As we were crunching the math, a gentlemen (let’s call him Fred) came up and said, “Just check to make sure
he’s within 7% of the top finisher. If he is, he qualifies.”
Fred’s statement can be succinctly wrapped up as follows:
“If a skier is within 7% of the fastest skier’s time, then he is within 7% of the
average of the top three skier’s times.”
(convince yourself this is true before moving on)
I then asked him, “But what if he isn’t?” To which I (predictably) got a weird look, and then Fred skated away.
Let’s analyze!
3. (2 points) Form the contrapositive of Fred’s statement. This is, logically, true.
4. (2 points) Form the inverse of Fred’s statement.
That last one is not logically equivalent to the original – it’s possible that someone could have taken more than
7% of the time it took the first place finisher to race, but yet still be within 7% of the average of the top three finishers!
5. (3 points) Suppose that a skier finished his race in 1 hour (60 minutes). Which of the following “Top three”

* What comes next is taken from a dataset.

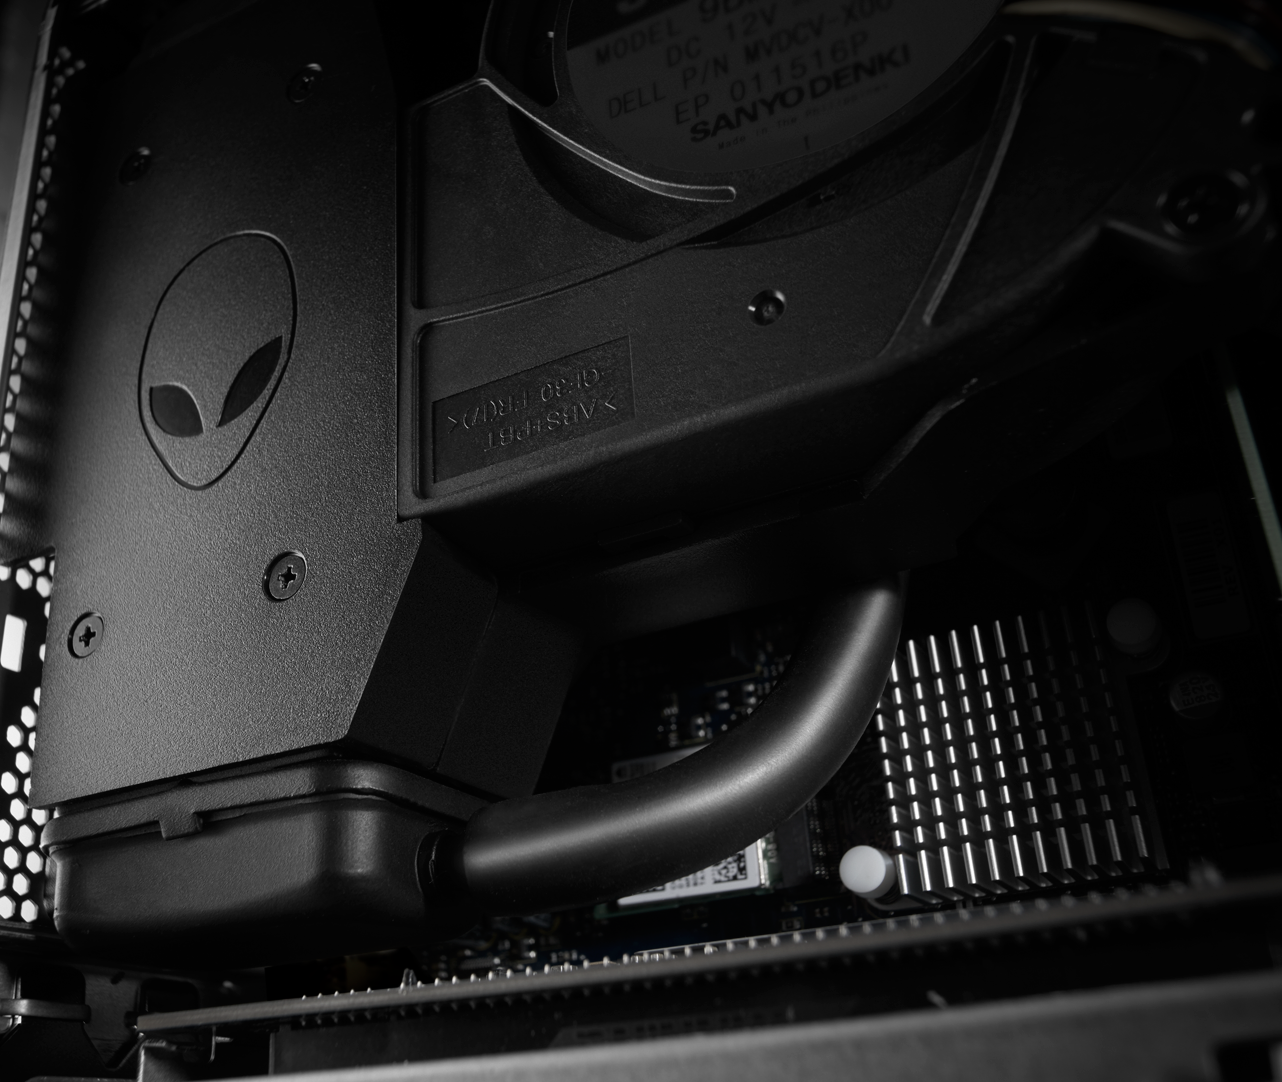 how to open alienware x51 desktop

arrangements would show that the inverse is not logically equivalent to the original rule (in other words, a
counterexample)? Don’t round – use exact values for times (they do in races)!
A.
First Place: 58 minutes
Second Place: 58.5 minutes
Third Place: 59 minutes
B.
First Place: 55 minutes
Second Place: 58.5 minutes
Third Place: 59 minutes
C.
First Place: 55 minutes
Second Place: 56 minutes
Third Place: 57 minutes
This type of error is also seen in advertising. Often. Here’s an example I saw on a billboard near our home:
In case it’s a little hard to see, it’s a huge bottle of
Budweiser next to a burger with the catchline “Not A Fad”. I
imagine that’s a dig at the types of beers that Budweiser feels
are fads (if you remember the Superbowl commercial they ran,
they expressed this sentiment very heavy – handedly:
http://for.tn/16a0r1z). At any rate, let’s analyze why it’s a
logically faulty statement!
Budweiser wants you to believe that “If it’s a Bud, then
it’s not a fad.” OK! I’ll allow that as a true statement…bud’s
been around for about 150 years now; seems fair to not deem
it a “fad”.
6. (2 points) Form the inverse of that statement. This is the statement Budweiser marketers want you to take
away from that billboard…and it’s not logically true!

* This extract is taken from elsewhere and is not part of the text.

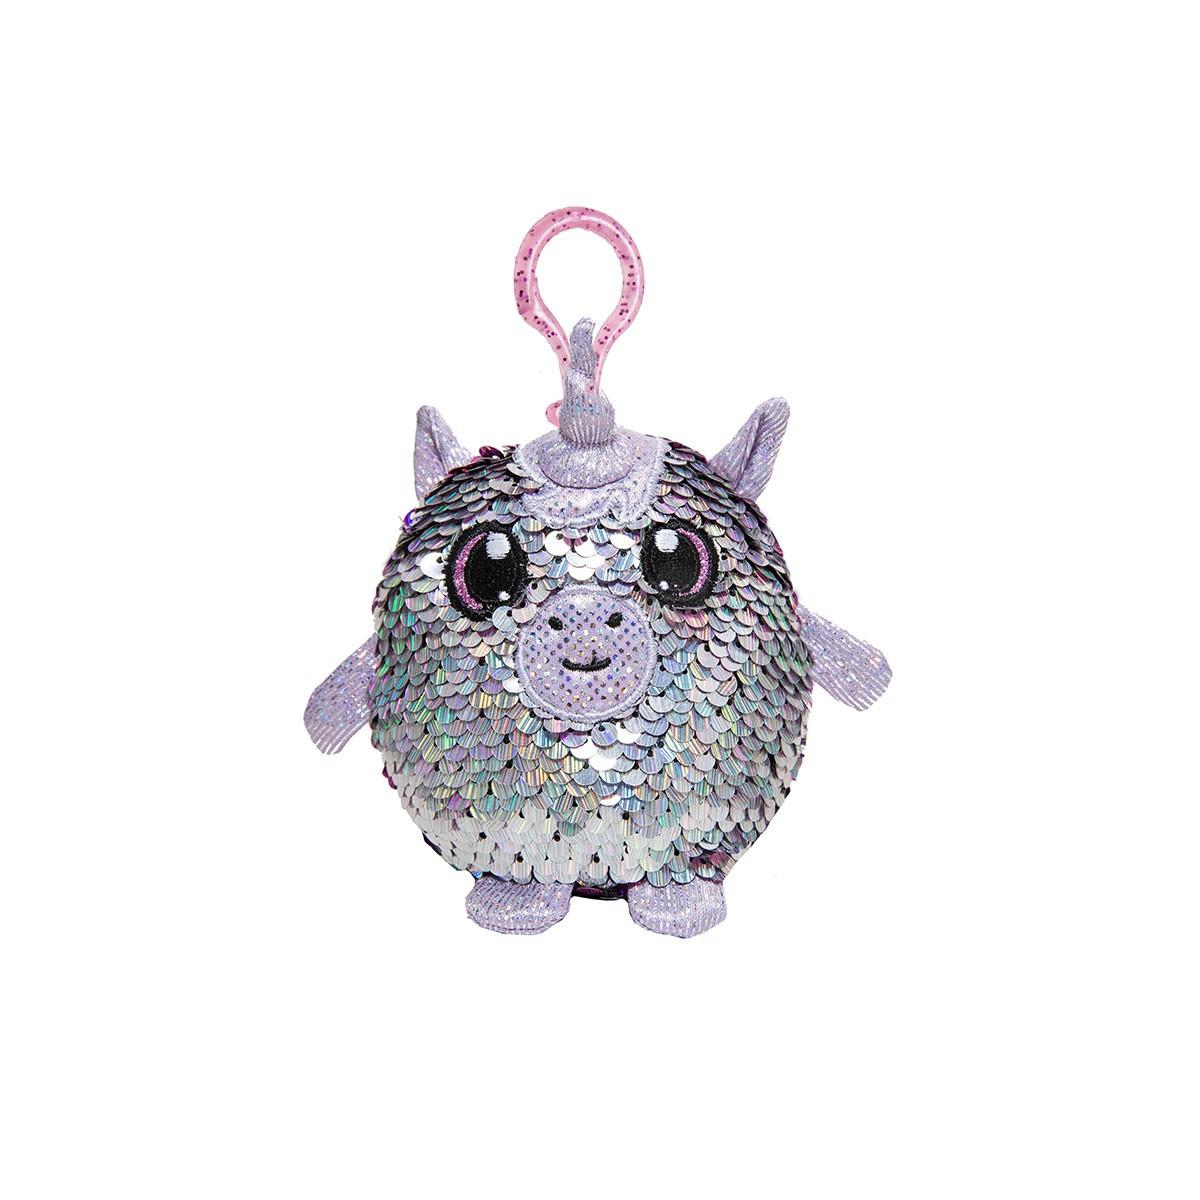 М'яка Іграшка з паєтками Shimmeez S2 - Мрійливий Єдиноріг (9 см, на клипсі)

Inverse error happens more often than you’d care to believe. And it’s easy to do! Human nature makes it
easy to “just change all the signs” in a pseudo – mathematical application. Heck, my son even gets upset
because of this: if I tell his friend, “Hey, Max’s friend! Nice pass!”, Max will sometimes get upset and say “What
about me?!?” And I tell him, “Buddy! Just because I think so-and-so’s pass was nice doesn’t mean yours isn’t!”
Here’s the skinny – once you negate the hypothesis of a conditional, all logical bets are off. 
II. Converse Error
We’ll wrap up with one more, far less prevalent error. Converse Error happens when someone takes a
conditional, switches the hypothesis and conclusion, and then assumes that the resulting converse is equivalent to the
original conditional. For example, they might think that “If you do the dishes, then I’ll take out the trash” is logically
equivalent to “If I take out the trash, then you’ll do the dishes.” Thus, if a conditional statement is in the form “if p,
then q”, its converse would have the form “if q, then p.”
7. (4 points…1 point for each cell) Complete the trith table for the conditional (grayed cells).
p
T
T
F
F
Conditional
q If p, then q?
T
T
F
F
T
T
F
T
p
T
T
F
F
Converse
q If q, then p?
T
F
T
F
Because the end columns are different, the statements must not be equivalent! Here’s a concrete example to
see that difference…
Let’s use the conditional, “If you live in zip code 97701, then you live in Bend, Oregon.” This statement is true!
8. (2 points) Write the converse of that statement.
9. (2 points) Give a counterexample to prove that your statement in 8 is incorrect.
******
This is just a teensy – weensy look into the world of logic. This awesome world spans far more than we could
uncover even if I devoted all of MTH 105 to it (some schools have entire courses devoted to logic). I hope that it’s
intrigued you enough to chase down more resources – becoming more logical can help you in everything from
conducting better web searches to understanding how to diagnose electrical problems in your house. Heck yeah!